The documentation needs to support the level of service build at all times and that's part of that whole medical necessity piece.  And then the other thing is the service should be documented as soon as practical after it's provided in order to maintain an accurate medical record.  Different players and carriers have their standards I know that our Mac here in Michigan on the medical director has said no more than two days.  So I would ask the hypothetical question how many of you have records in your practice right now that are more than two days old that are incomplete and if you lived in Michigan and that was a Medicare patient you would have a problem.  So in our electronic health record world one of the problems that we saw was that um I want to not be political here.  When the Obama administration came in, they commissioned a five-year study to look at the interoperability and feasibility of electronic healthcare records, and so they were supposed to study just that and then six months in they said okay let's go let's implement it.  And so we had none of the rules in place that we might otherwise normally have because it was just moved so quickly into its implementation and because of the incentive payments for using electronic records many provider offices went to them very, very quickly and found that cutting and pasting was a really helpful tool to this some laborious new process that we have in having to type everything into the record or pulling forward information or information that is pulled forward by the system, and that's a problem.  You know, you can't open up a record and have it be complete.

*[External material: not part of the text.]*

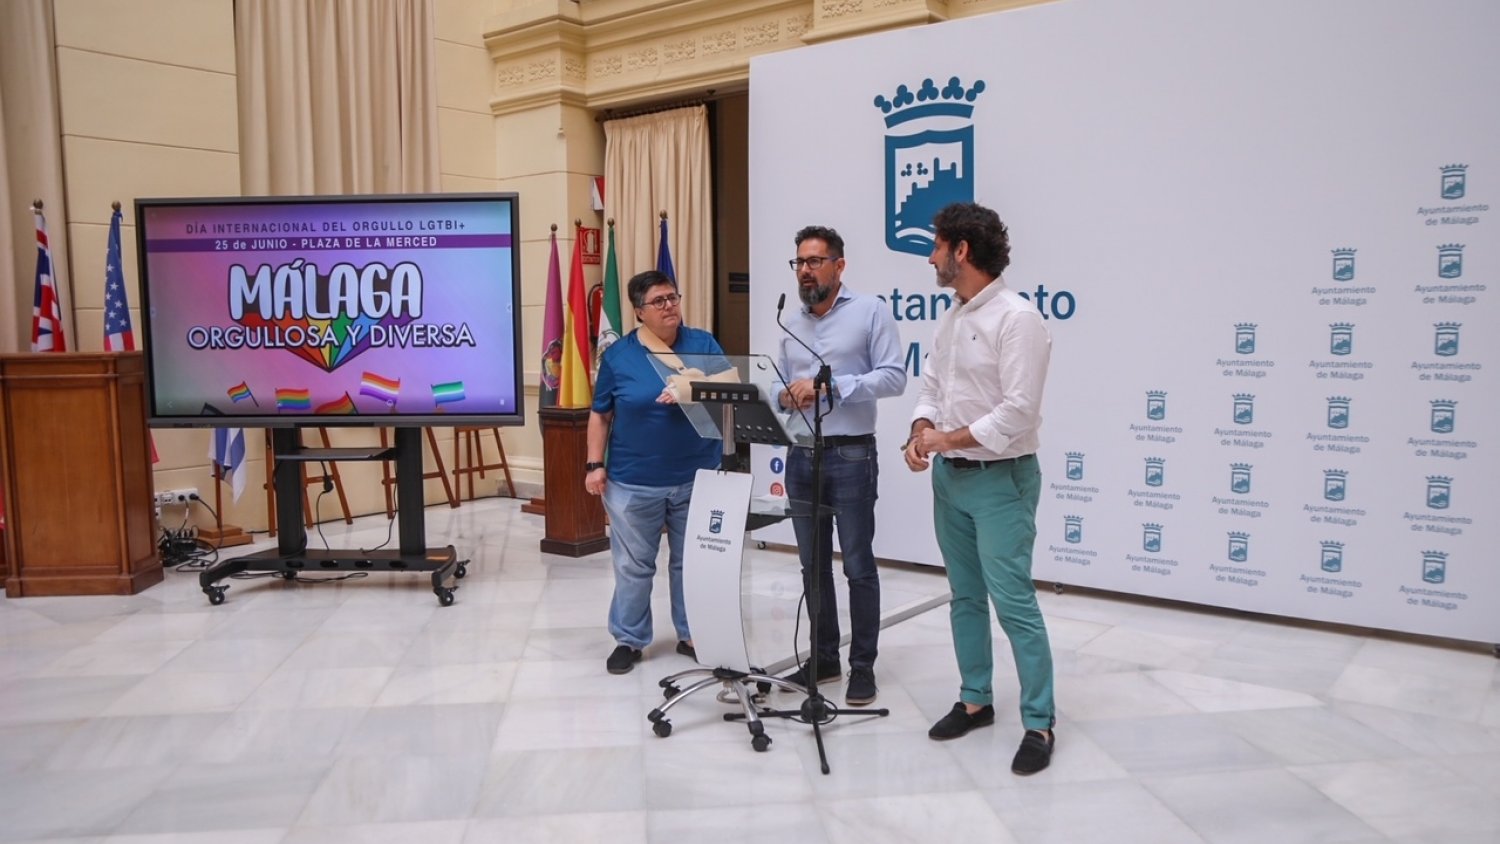 El Ayuntamiento organiza 'Málaga orgullosa y diversa' para conmemorar el Día Internacional del Orgullo LGTBI+

I worked with a particular practice that had a problem with billing of visits where the patient hadn't come in the patient had cancelled the visitor had been a no show and like how is that happening.  And you know did some checking around to the jobs in the office and found out that one of the [indiscernible] [00:08:37] in order to try to get ahead would go in and prep “the chart for the provider.” And in doing so she would in essence look at the schedule why is the patient coming in, she put that in the chief complaint.  She pulled forward all of the review of systems, past family, social history as appropriate, pulled forward the last physical, pulled forward the last assessment and plan and that way there the doctor was already to look at it.  And what would happen at the end of the day if the patient didn't show and she didn't remember to delete that record that record would close out with the end of work day come into a cube it would get built out on many occasions.  So there's an entire and with good intentions, there's an entire record that in essence was false and that's fraud and that's going to get to in a lot of trouble.  So make sure that your system doesn't allow you to pull forward so much information you end up with a visit when the patient has never been seen that pre-population of data I know that they use this a lot in emergency room settings where they have used to be their T-notes.  Patient comes in with a sore throat, we pull out the T-note for sore throat and it tells us what we need to do, we can have the same kind of information happen now with electronic records, patient comes in with a sore throat it's going to repopulate a bunch of information.